Low Culture With Neill Jameson: Just Broke My Glass House

Normally I don’t like to talk about myself in these things, so as not to overshadow anything else in the magazine with grand stories of a life spent being grumpy, but this month I figured I’d give it a shot in the attempt to bring clarity to things you may have heard about me. I occasionally get messages calling me a hypocrite or a fraud for spending so much time trying to enact some kind of positive social change within the metal scene. Why? Because for a while when I was younger, I was a pretty big asshole. I still am, but this was far less nuanced and loveable, which may come as a shock, I understand.

Probably the crown jewel in youthful fucking up was when my band, Krieg, did a split with Satanic Warmaster. This last sentence probably already alerted some of you to where we’re going with this, but it wasn’t the band I did the split with itself that caused the most ire. Rather, I had a message on the packaging that was packed with racist words that have caused me a great deal of embarrassment in the years reflecting on it. It helped cement a reputation that I was a bigot at worst and a fucking idiot at best.

Why did I say these things? Honestly, for a very juvenile reason: because, to me, black metal was an extremely ugly expression of music and message. It still is, but I felt I needed to take this to an extreme in order to somehow set myself apart. A mature person would have used their music to make this happen, but I suppose I somehow lacked confidence for a long time that my music would be enough. American black metal has never honestly been taken very seriously outside of the U.S.; this is still somewhat true today, but that’s more due to scarves and v-neck T-shirts than the reasons of the past. As Americans tend to express themselves in a loud and annoying manner, I was no different. I felt I needed to do this in order to get attention. Real high school shit, and I should’ve known better, but that’s the thing with getting older: You realize your mistakes long after you’ve already shit the bed. Doesn’t matter how quickly you take the sheets off—the mattress still gets stained and you have to sleep on it.

My biggest opposition in those days was both the growing faction in black metal that was focused on the idea of national socialist ideology and the other side of the coin: the collective group of anti-fascists known as Antifa. Those involved in NSBM absolutely hated me because I felt their ideology had nothing to do with black metal, which represented negativity in my mind, and I became a target for their good-time group attacks and death threats. On the other side of things, Antifa felt Krieg were a NSBM band itself because of the German name and the above mentioned use of regrettable vocabulary. I decided to try to irritate both of them by calling them out using that kind of language. At the time I thought I was being clever.

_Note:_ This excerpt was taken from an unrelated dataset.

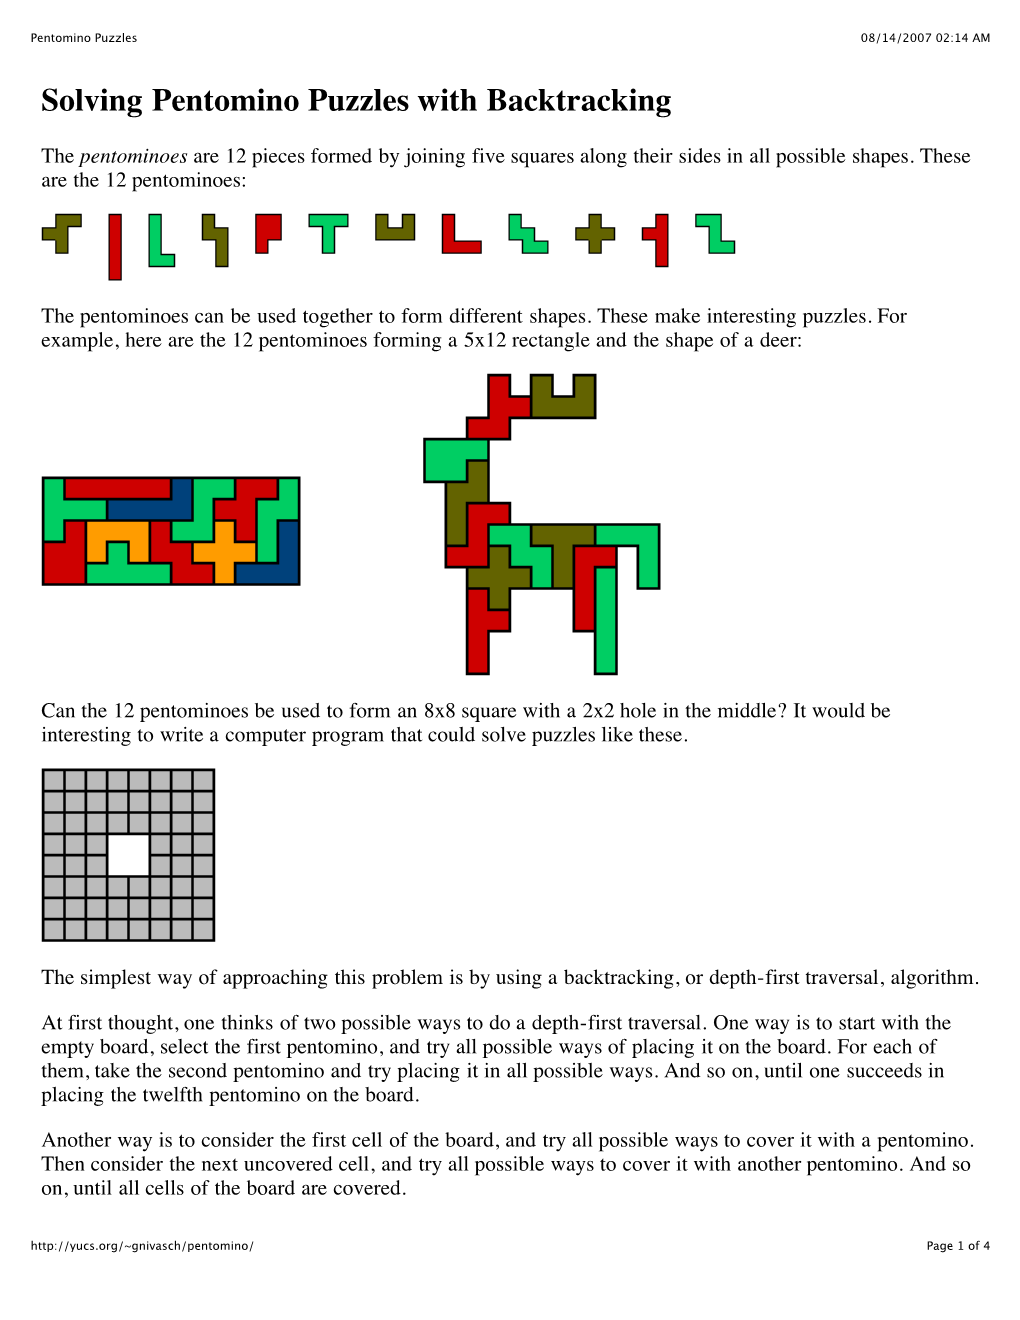 Solving Pentomino Puzzles with Backtracking

It went about as well as you’d expect.

In the years that have followed I’ve come to realize what a fucking mistake in judgment this was. Krieg has always had members of different backgrounds within the band, but have a smear across the name because I thought I was being cute and didn’t understand the weight of the words I was using. As I’ve grown older and been given some platforms as a soapbox, I wanted to try to atone for a shitty past by trying to encourage better standards and behavior. Unlike some who try to dodge their history, I fully admit I’ve done and said some terrible shit. Is this enough to make up for it? Absolutely not. But I am going to continue to use whatever time I have left being involved in music to work towards something better so that maybe other people see how badly I’ve fucked up and do their best to not do the same.